The histogram aggregation
Let us look at how to generate a histogram using Elasticsearch. An example histogram request looks like this:
{
"aggs": {
"histogram": {
"histogram": {
"field": "Value",
"interval": 200
}
}
}
}
Using the stats aggregation to determine the interval
As shown above, the histogram aggregation requires an interval parameter which determines how many classes the histogram represents.
To determine a suitable interval, we need to know the minimum and maximum values on the field. These can be determined using the stats aggregation as follows:
{
"aggs": {
"stats": {
"stats": {
"field": "Value"
}
}
},
"size": 0
}
The stats aggregation is returned for the field Value
as follows:
"aggregations": {
"stats": {
"count": 209,
"min": 1879.0,
"max": 3768.0,
"avg": 2862.8803827751194,
"sum": 598342.0
}
}
Assuming we want about 10 buckets in the histogram, we choose 200
for the interval parameter.
A histogram example
Le us now look at an example. For our example, we have FAO data presenting the calories consumed by each person per day in each countries.
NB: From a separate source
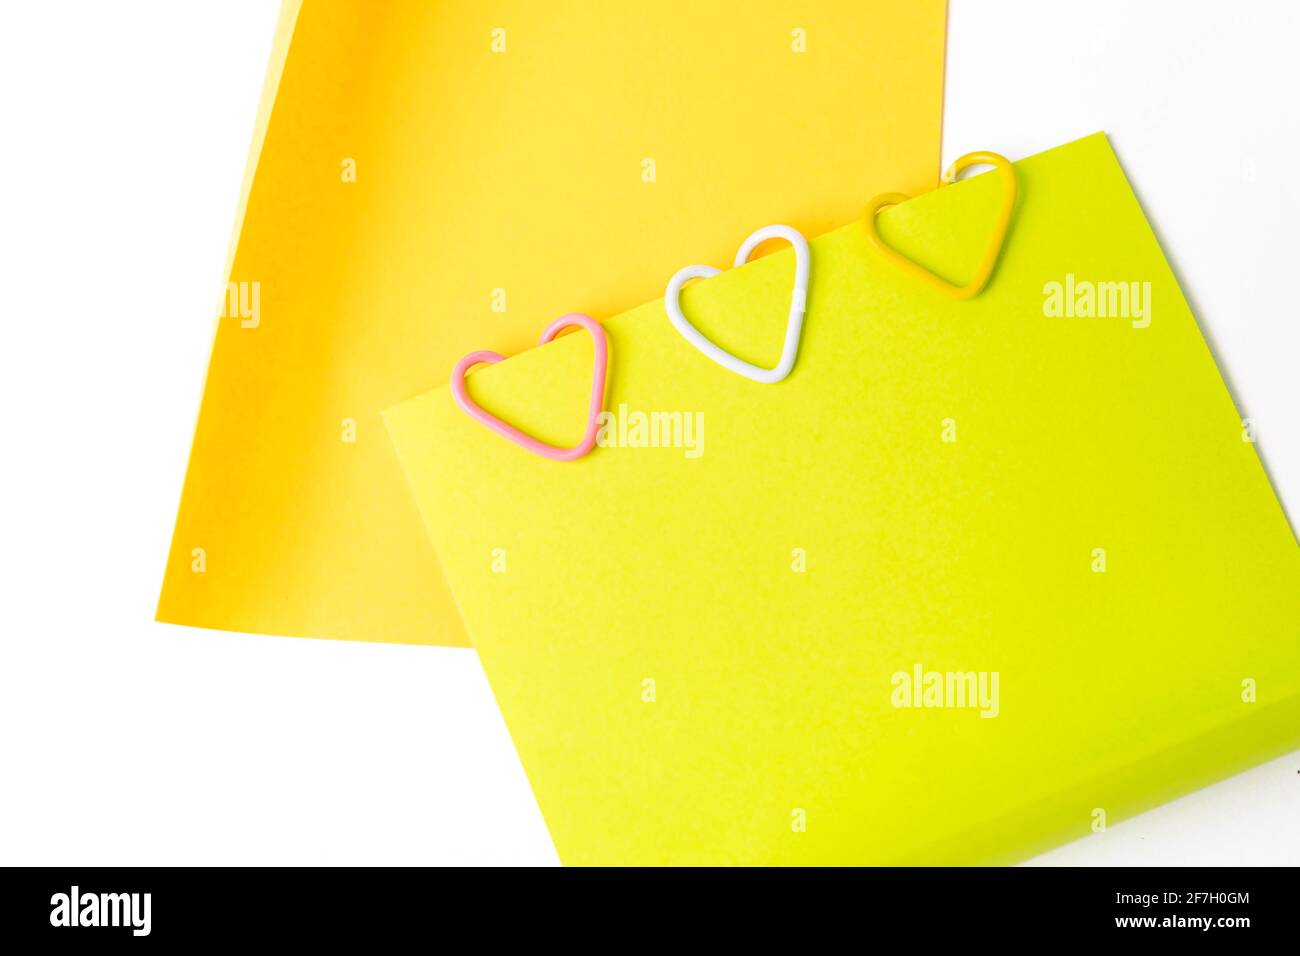 Heart shaped sticky notes on the background Stock Photo by ©Elnur_ 5561093

The following query extracts the raw data for the year 2013
.
{
"query": {
"bool": {
"must": [
{
"term": {
"Year": "2013"
}
},
{
"term": {
"Element.keyword": "Food supply (kcal/capita/day)"
}
},
{
"term": {
"Item.keyword": "Grand Total"
}
}
]
}
}
}
Which returns data as follows:
"hits": [
{
"_index": "foodsupply_crops_e_all_data_(normalized).csv",
"_type": "doc",
"_id": "491193",
"_score": 7.691229,
"_source": {
"Area Code": 27,
"Area": "Bulgaria",
"Item Code": 2901,
"Item": "Grand Total",
"Element Code": 664,
"Element": "Food supply (kcal/capita/day)",
"Year Code": 2013,
"Year": 2013,
"Unit": "kcal/capita/day",
"Value": 2829.0,
"Flag": "Fc"
}
},
{
"_index": "foodsupply_crops_e_all_data_(normalized).csv",
"_type": "doc",
"_id": "514831",
"_score": 7.691229,
"_source": {
"Area Code": 233,
"Area": "Burkina Faso",
"Item Code": 2901,
"Item": "Grand Total",
"Element Code": 664,
"Element": "Food supply (kcal/capita/day)",
"Year Code": 2013,
"Year": 2013,
"Unit": "kcal/capita/day",
"Value": 2720.0,
"Flag": "Fc"
}
...
Combining this query with the histogram aggregation as shown above, we have the following request:
{
"query": {
"bool": {
"must": [
{
"term": {
"Year": "2013"
}
},
{
"term": {
"Element.keyword": "Food supply (kcal/capita/day)"
}
},
{
"term": {
"Item.keyword": "Grand Total"
}
}
]
}
},
"aggs": {
"histo": {
"histogram": {
"field": "Value",
"interval": 200
}
}
},
"size": 0
}
We have turned off the hits comprising the aggregation by setting size to 0. Executing this aggregation results in the following response:
"aggregations": {
"histo": {
"buckets": [
{
"key": 1800.0,
"doc_count": 2
},
{
"key": 2000.0,
"doc_count": 11
},
{
"key": 2200.0,
"doc_count": 18
},
{
"key": 2400.0,
"doc_count": 29
},
{
"key": 2600.0,
"doc_count": 37
},
{
"key": 2800.0,
"doc_count": 30
},
{
"key": 3000.0,
"doc_count": 28
},
{
"key": 3200.0,
"doc_count": 29
},
{
"key": 3400.0,
"doc_count": 18
},
{
"key": 3600.0,
"doc_count": 7
}
]
}
}
Displaying a histogram in Argon
Argon provides an easy way to view the histogram distribution of a field.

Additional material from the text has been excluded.